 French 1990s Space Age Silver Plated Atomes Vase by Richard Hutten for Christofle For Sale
==
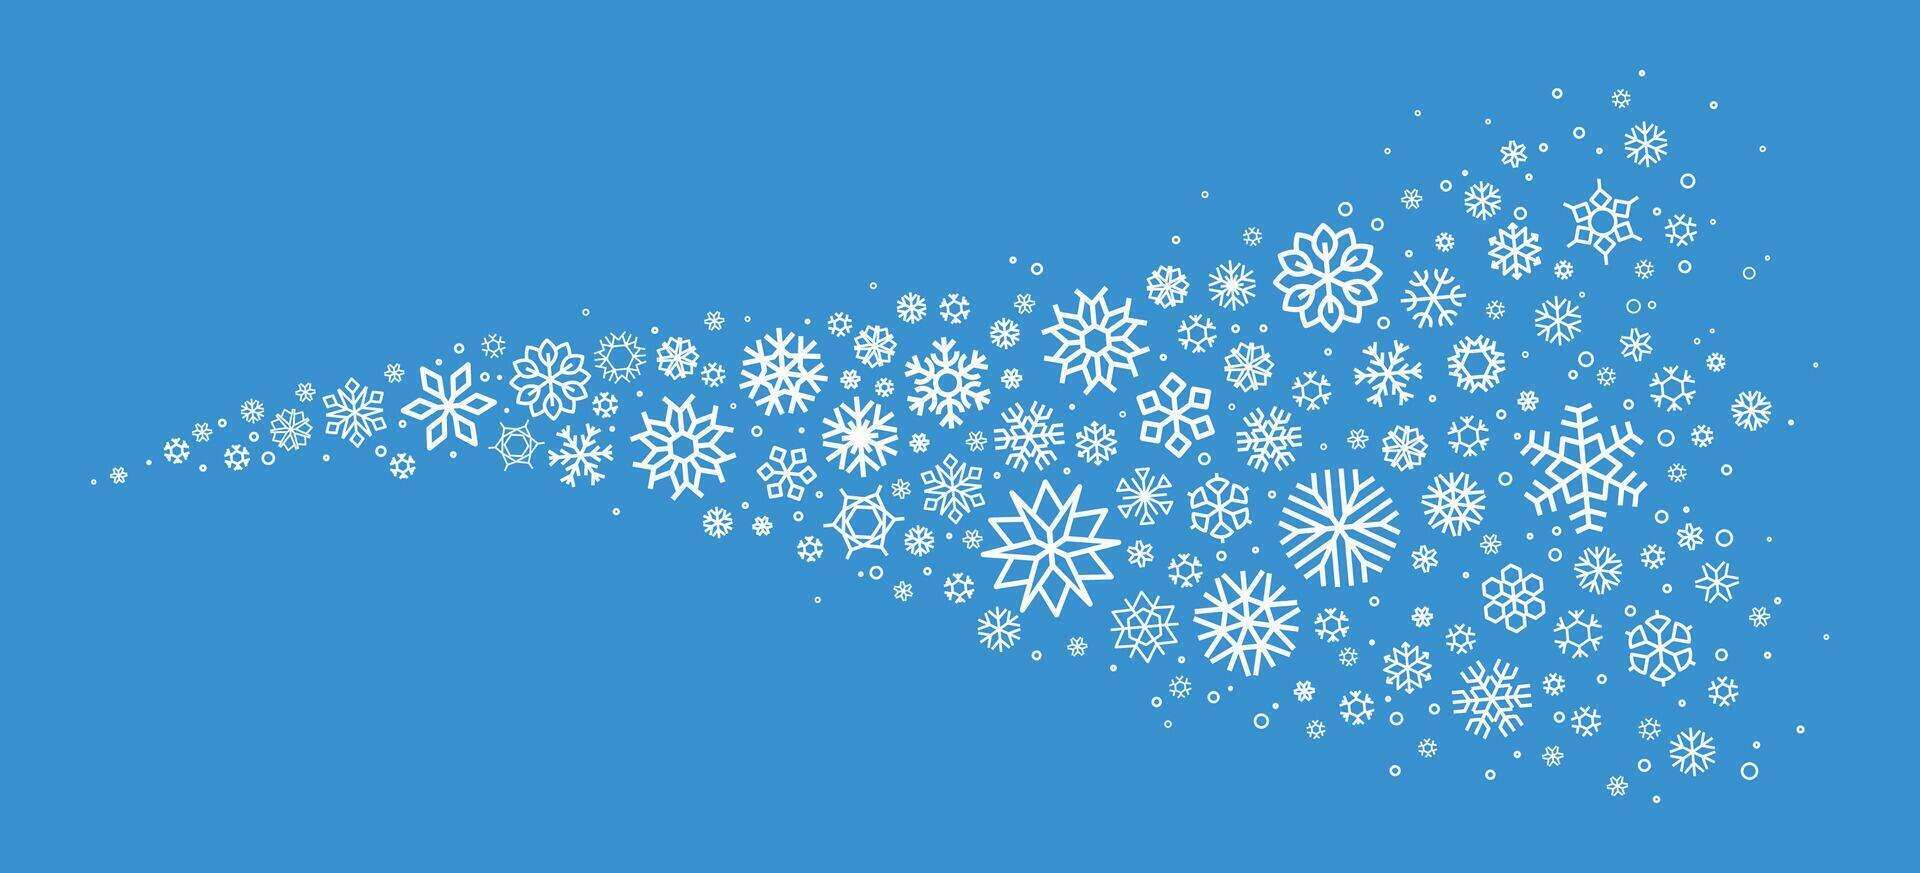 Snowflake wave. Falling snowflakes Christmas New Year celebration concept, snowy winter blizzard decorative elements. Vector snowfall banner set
---
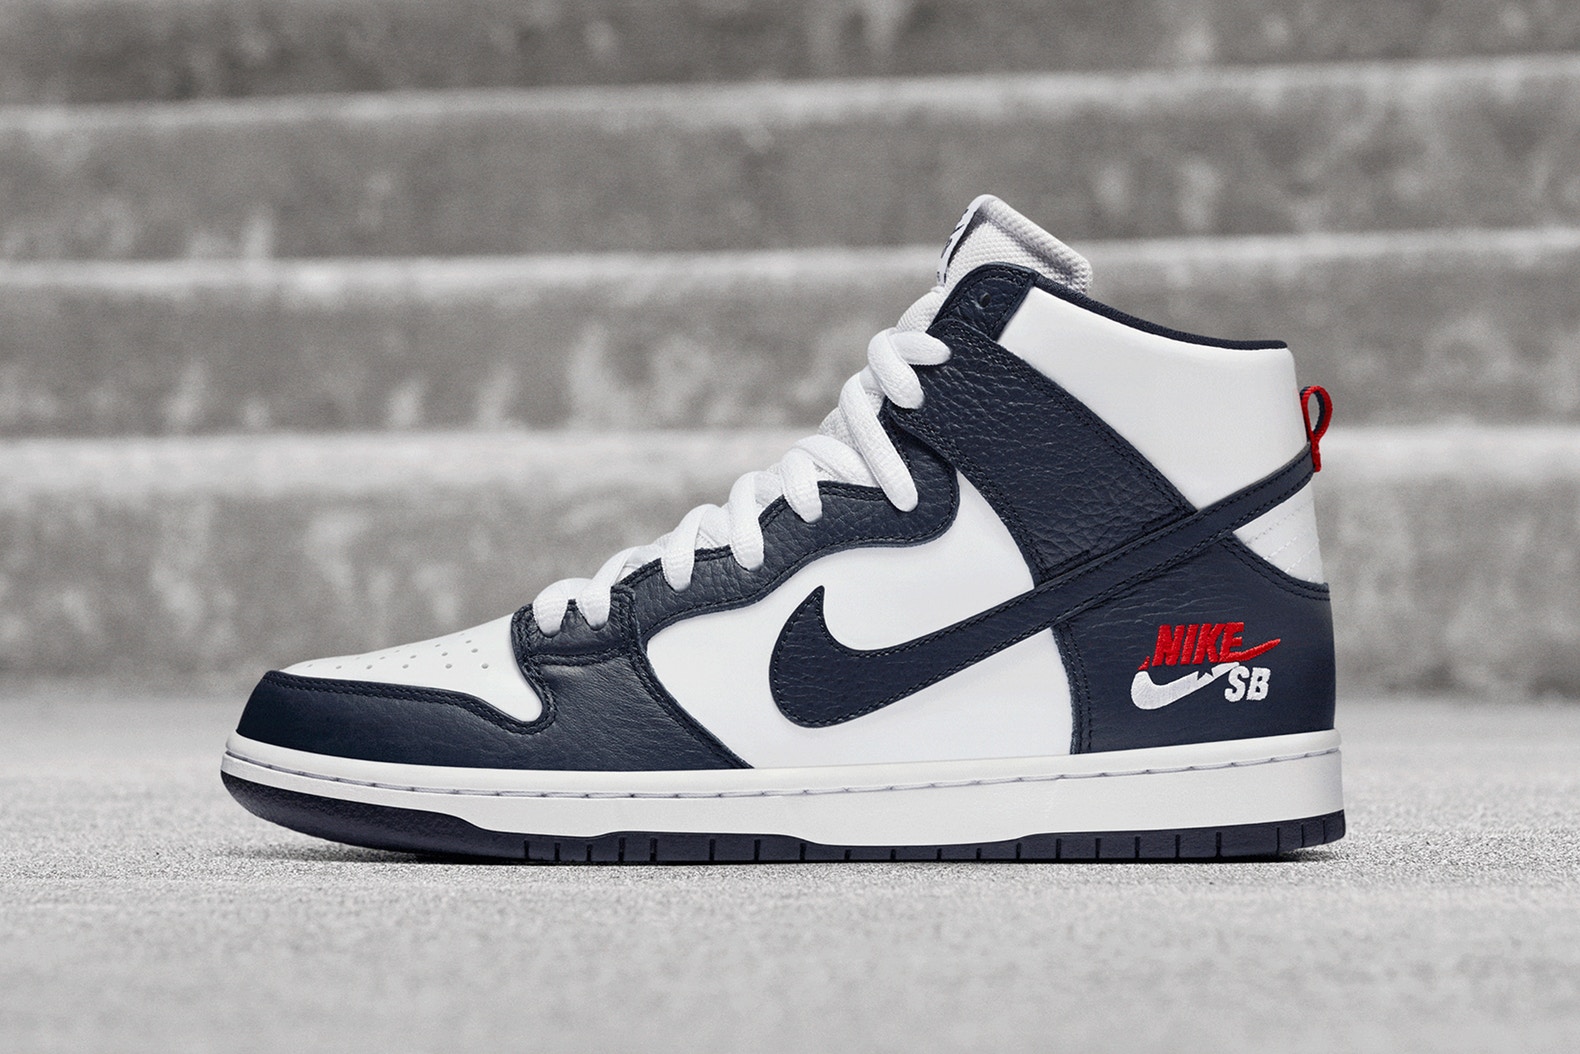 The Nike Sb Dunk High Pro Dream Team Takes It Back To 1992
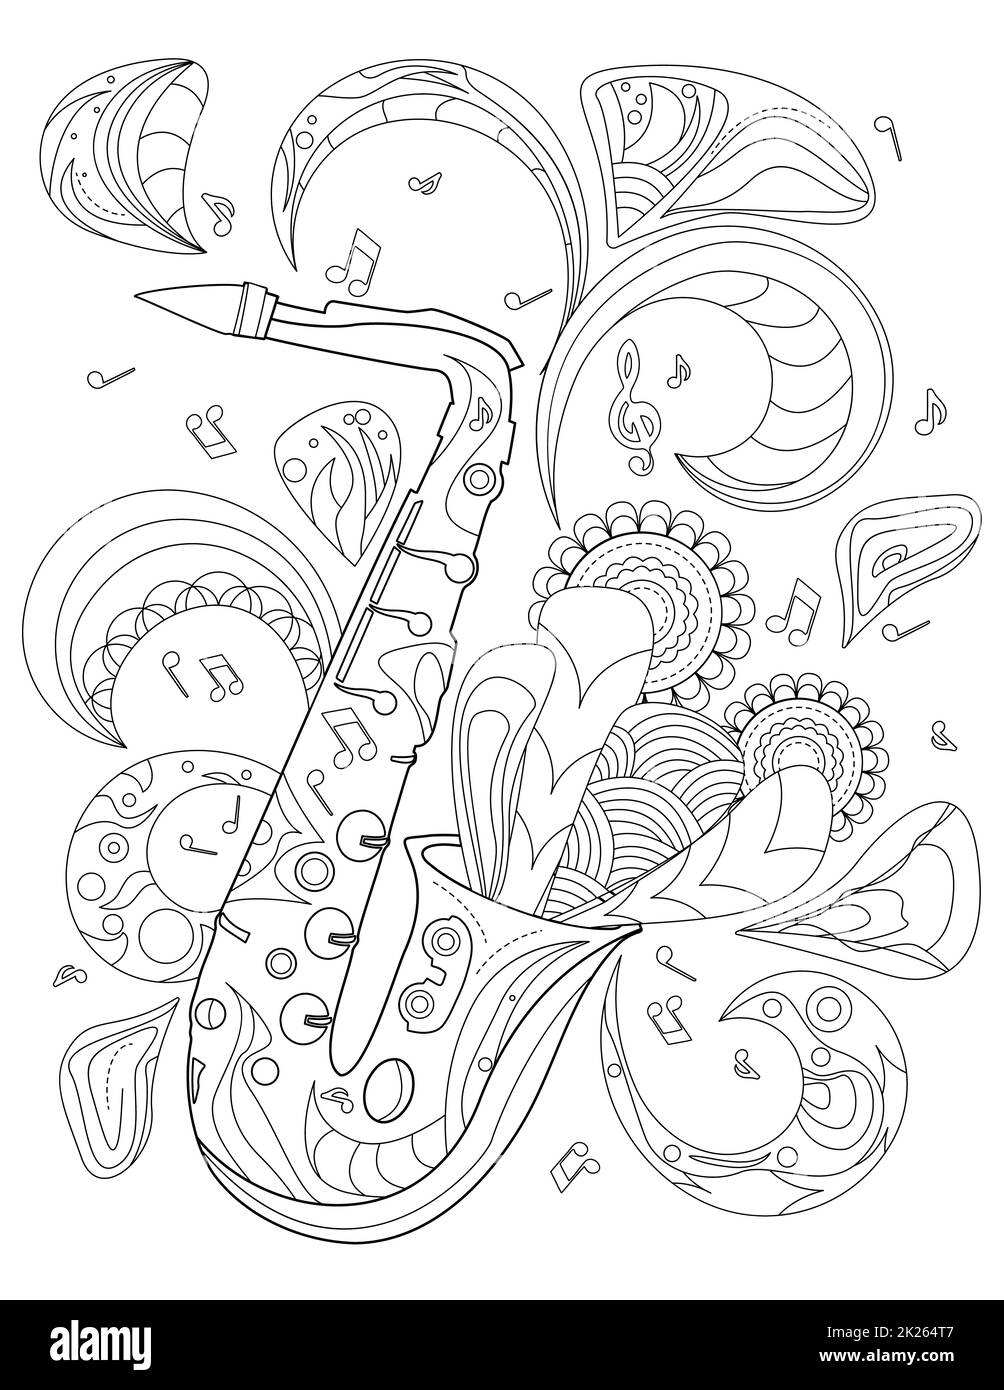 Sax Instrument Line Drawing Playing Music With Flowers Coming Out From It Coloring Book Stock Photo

_Problem requirements_. All that should be printed is the run of lines above from the one with "The Nike Sb" through the one with "Sax Instrument Line", both included, exactly as given, with pictures left out.

_Solution to the exercise_.
 The Nike Sb Dunk High Pro Dream Team Takes It Back To 1992
 Sax Instrument Line Drawing Playing Music With Flowers Coming Out From It Coloring Book Stock Photo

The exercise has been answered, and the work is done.